§ **Work required**: Beginning with the line that holds "Le lustre est", copy each line exactly through the end of the entries, but leave the pictures out.

§ **Input data**:
- - -

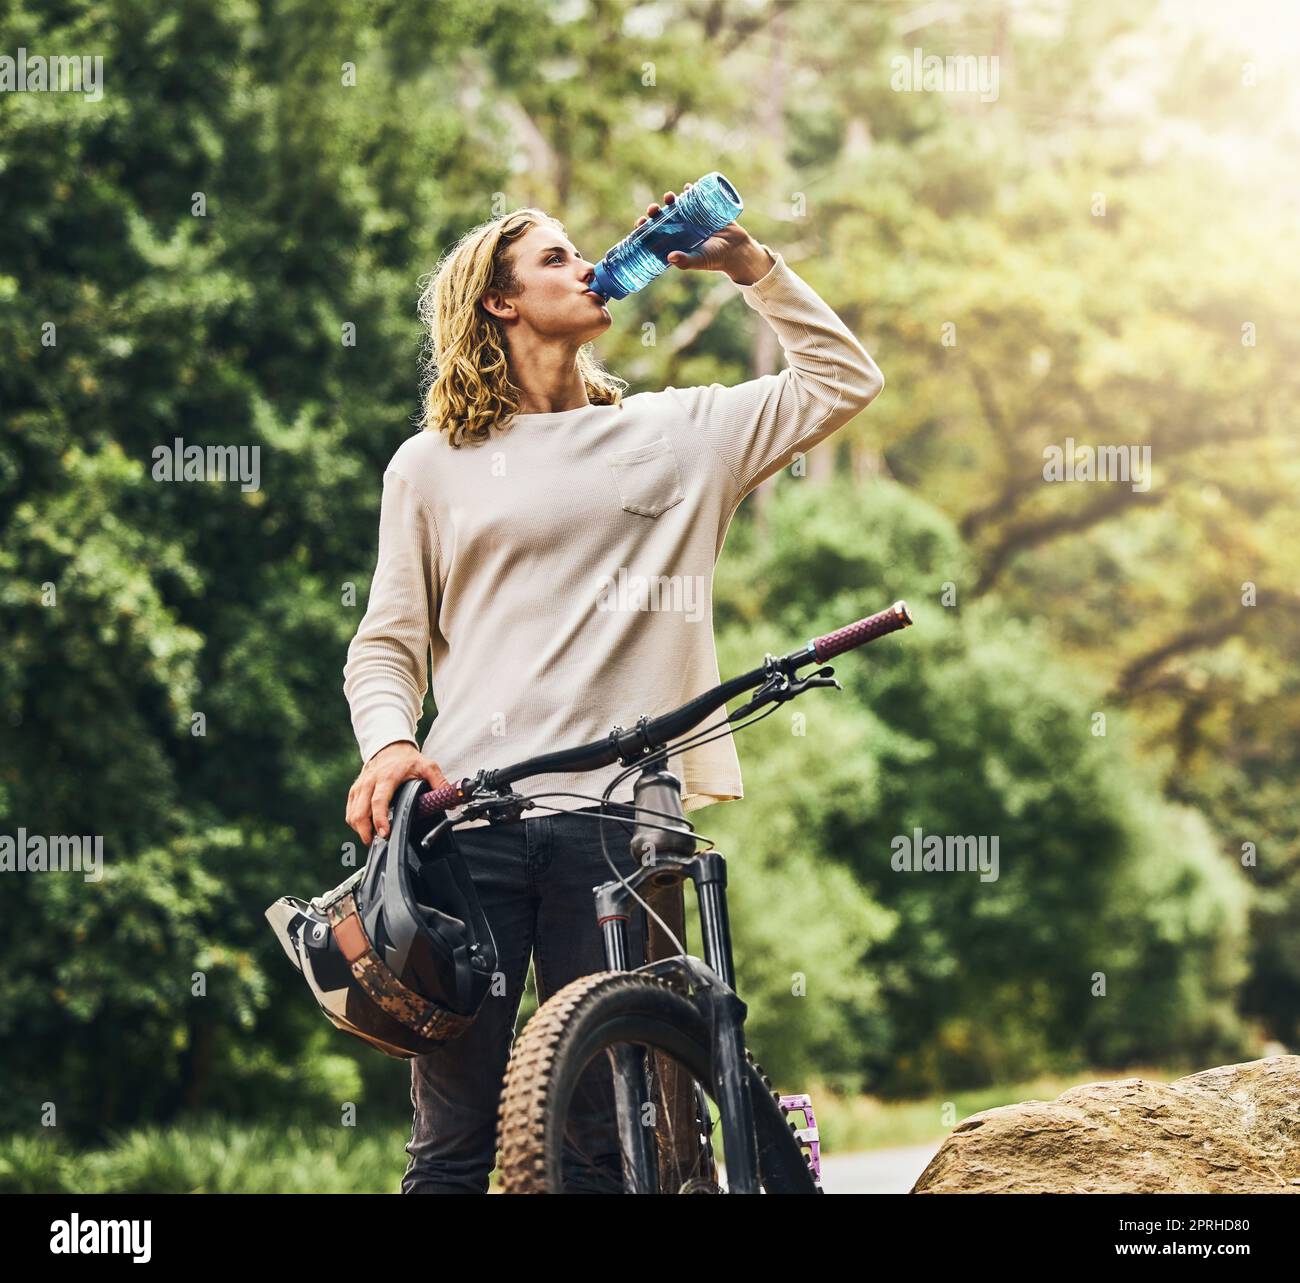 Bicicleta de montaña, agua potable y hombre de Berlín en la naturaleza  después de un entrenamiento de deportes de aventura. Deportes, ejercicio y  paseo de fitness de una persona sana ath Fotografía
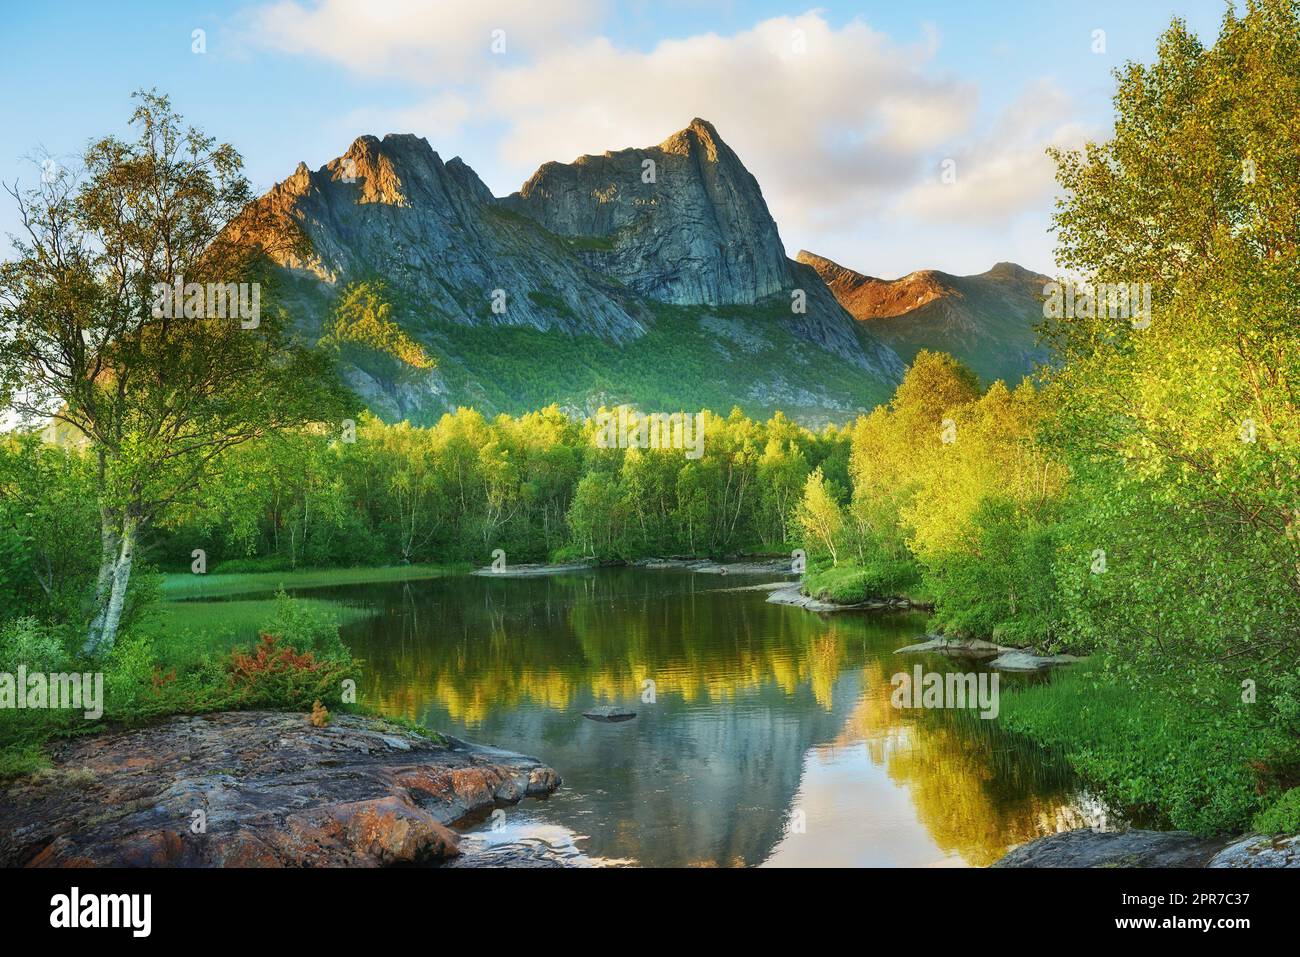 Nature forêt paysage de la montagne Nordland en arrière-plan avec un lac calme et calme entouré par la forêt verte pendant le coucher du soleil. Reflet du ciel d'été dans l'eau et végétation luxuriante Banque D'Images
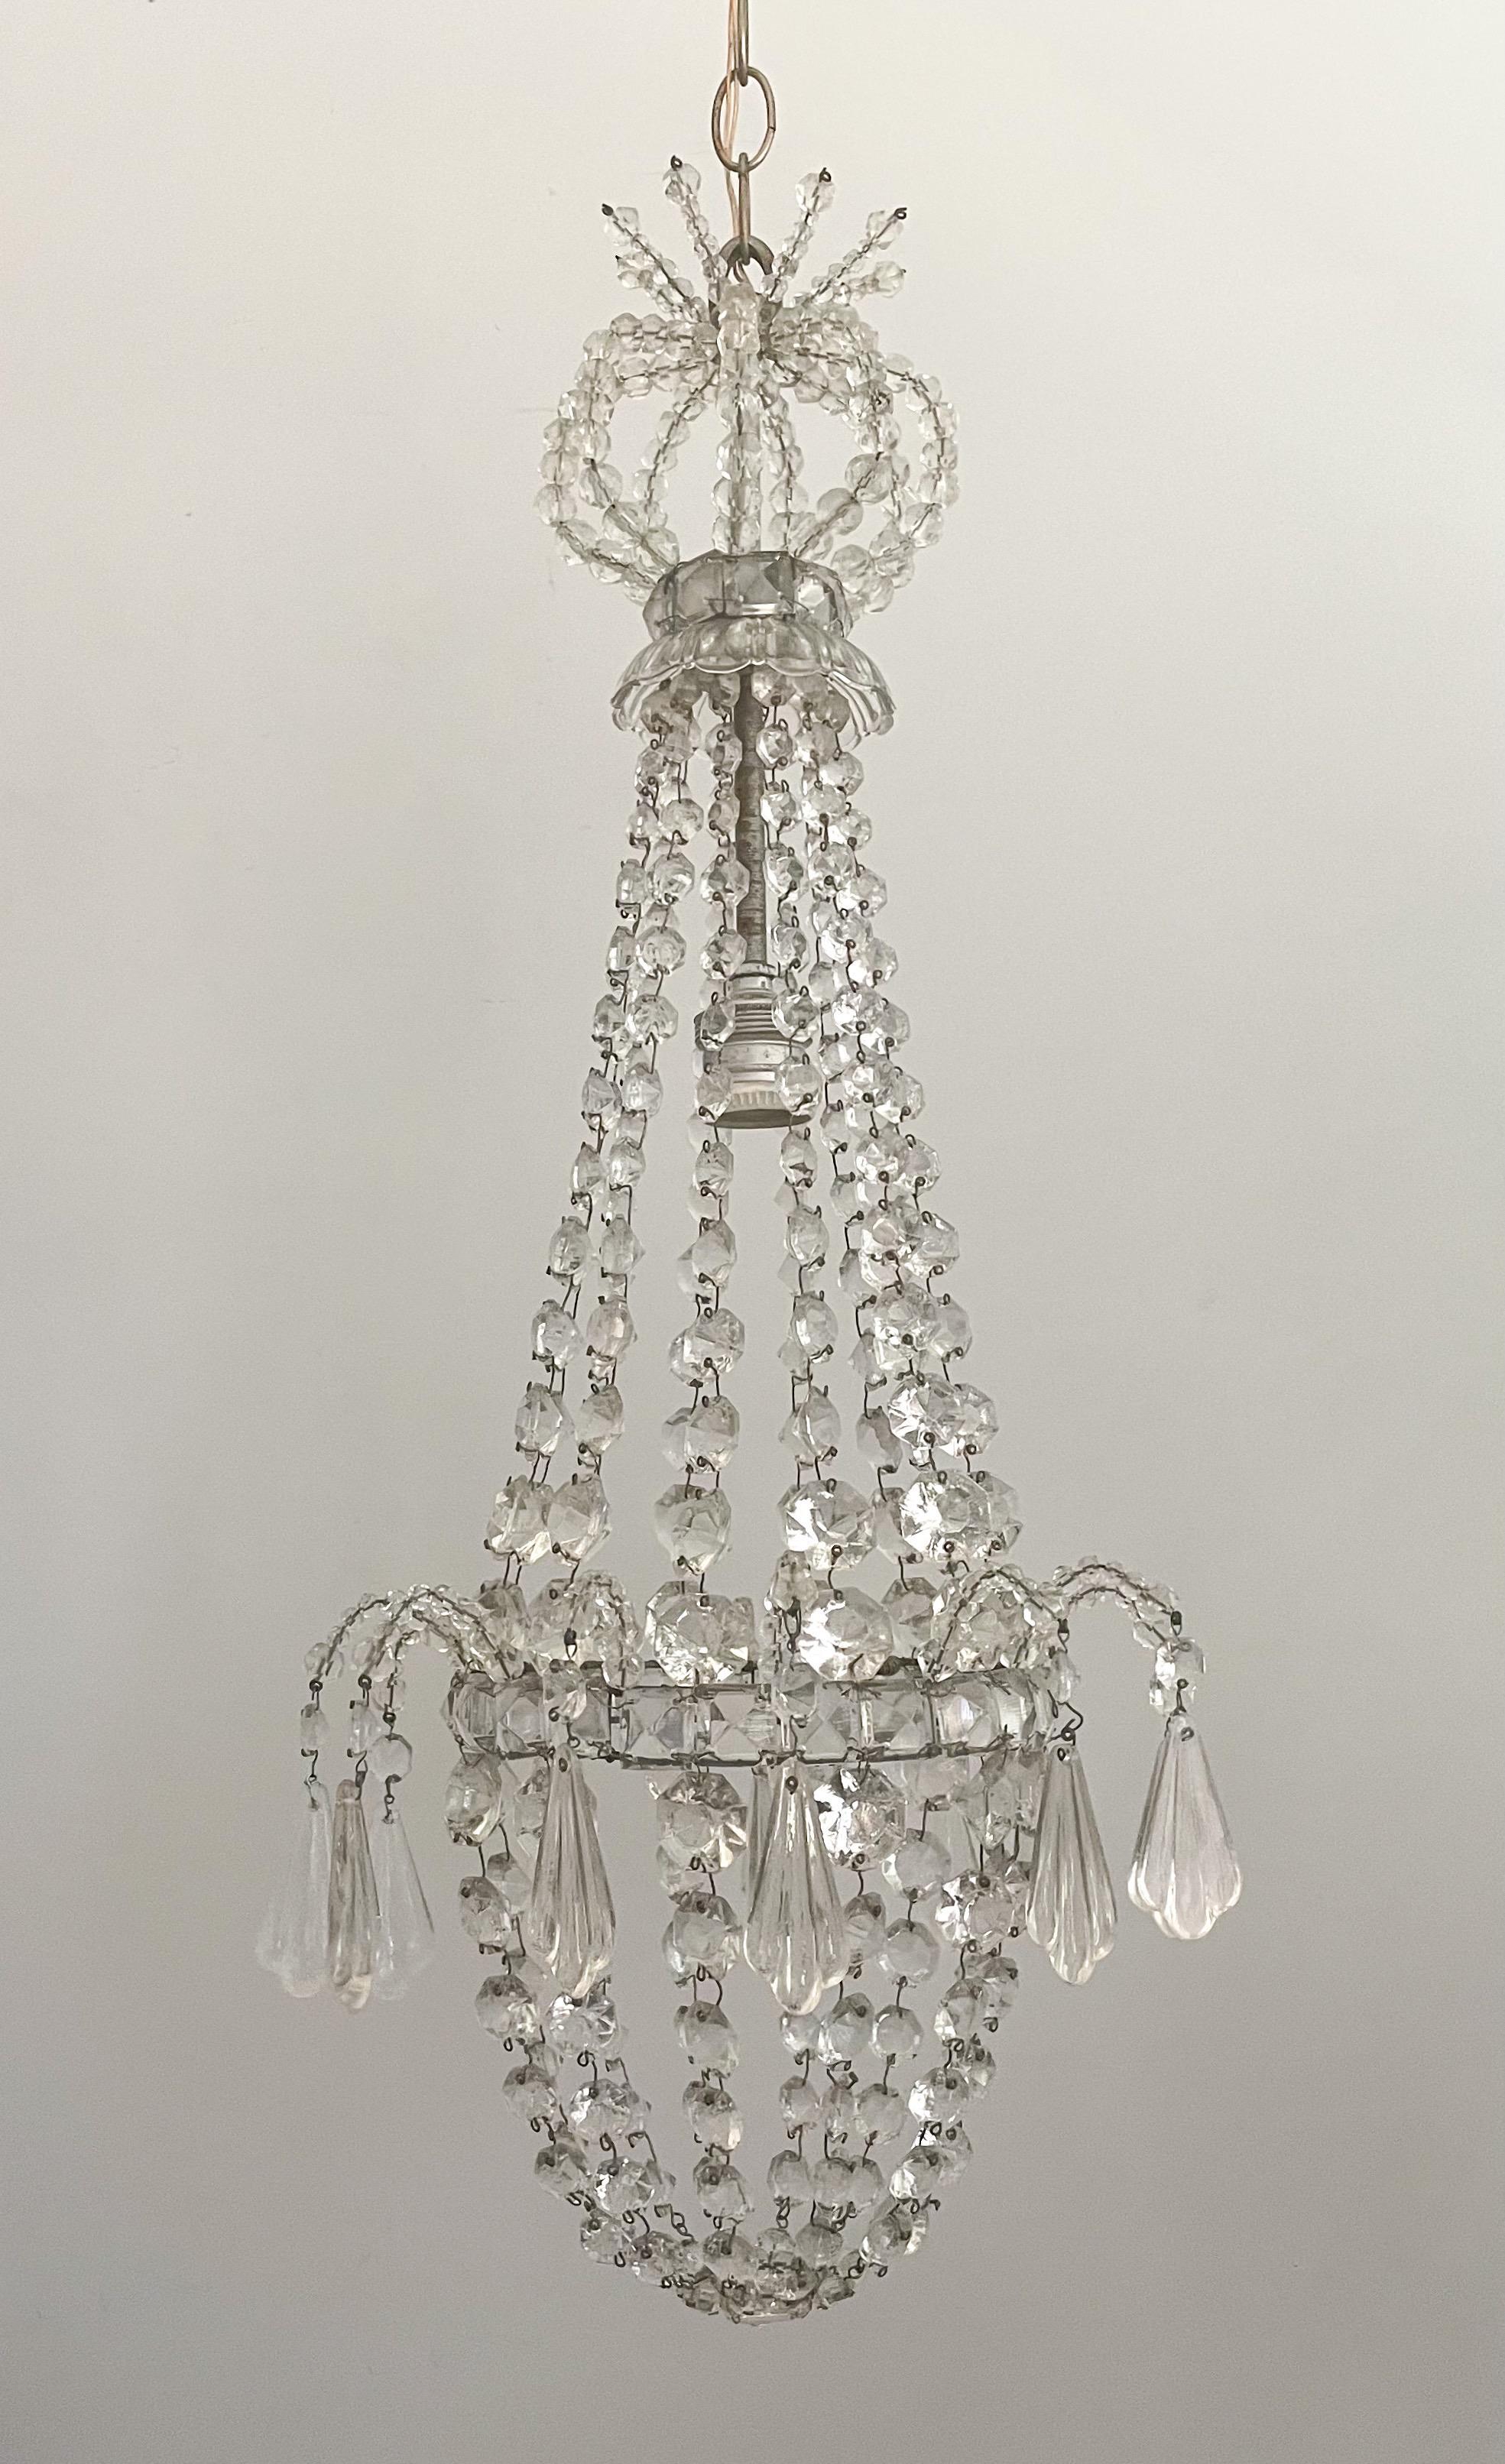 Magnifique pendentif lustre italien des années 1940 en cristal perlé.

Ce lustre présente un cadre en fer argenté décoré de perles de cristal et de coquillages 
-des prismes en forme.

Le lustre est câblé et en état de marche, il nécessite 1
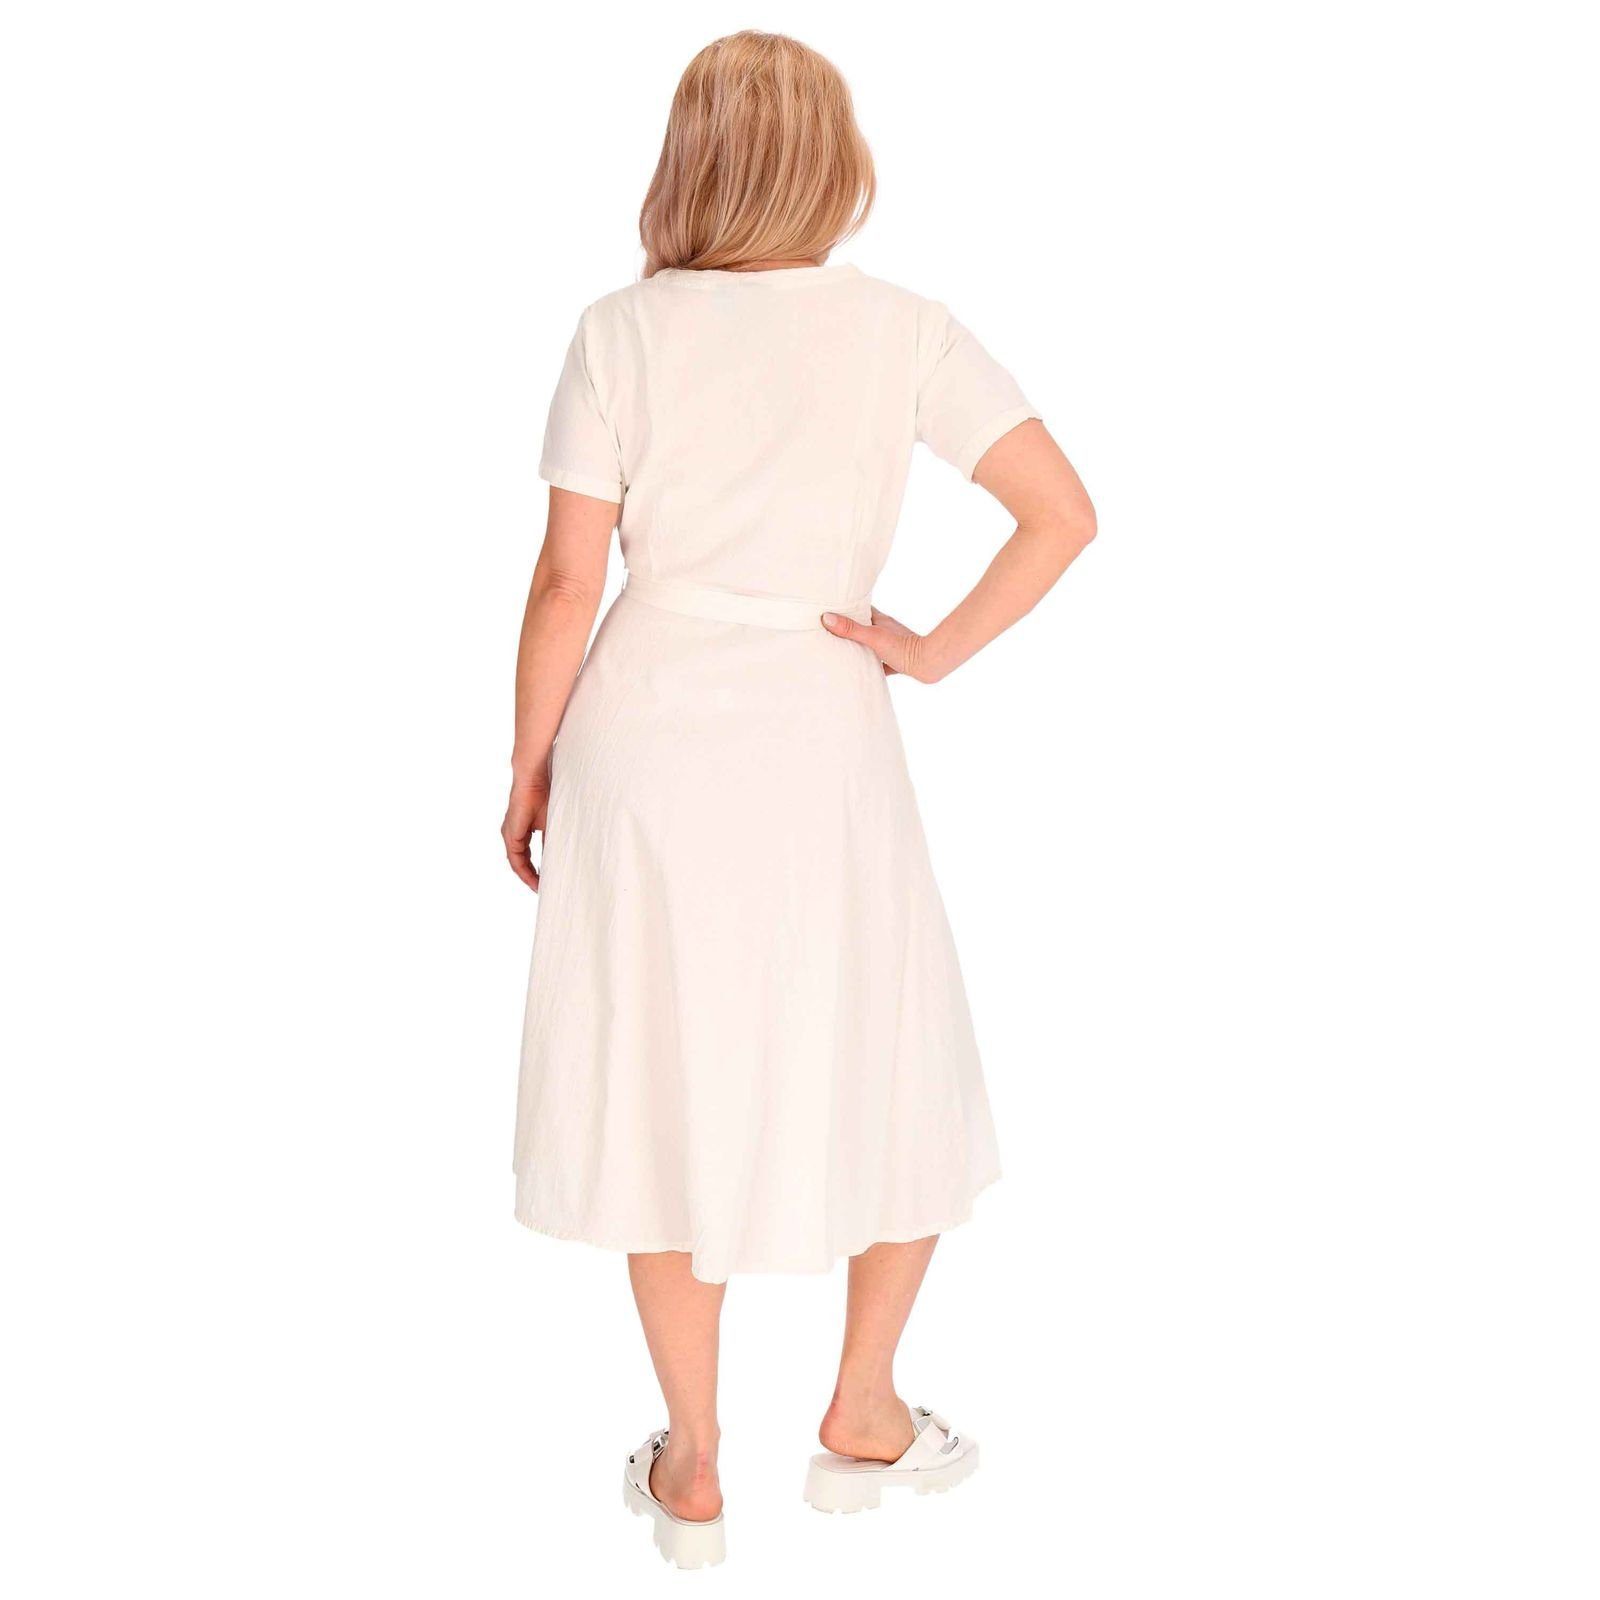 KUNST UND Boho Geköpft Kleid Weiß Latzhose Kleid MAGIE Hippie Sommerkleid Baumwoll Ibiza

- - -

§ **Exercise result**:
Le lustre est câblé et en état de marche, il nécessite 1
 KUNST UND Boho Geköpft Kleid Weiß Latzhose Kleid MAGIE Hippie Sommerkleid Baumwoll Ibiza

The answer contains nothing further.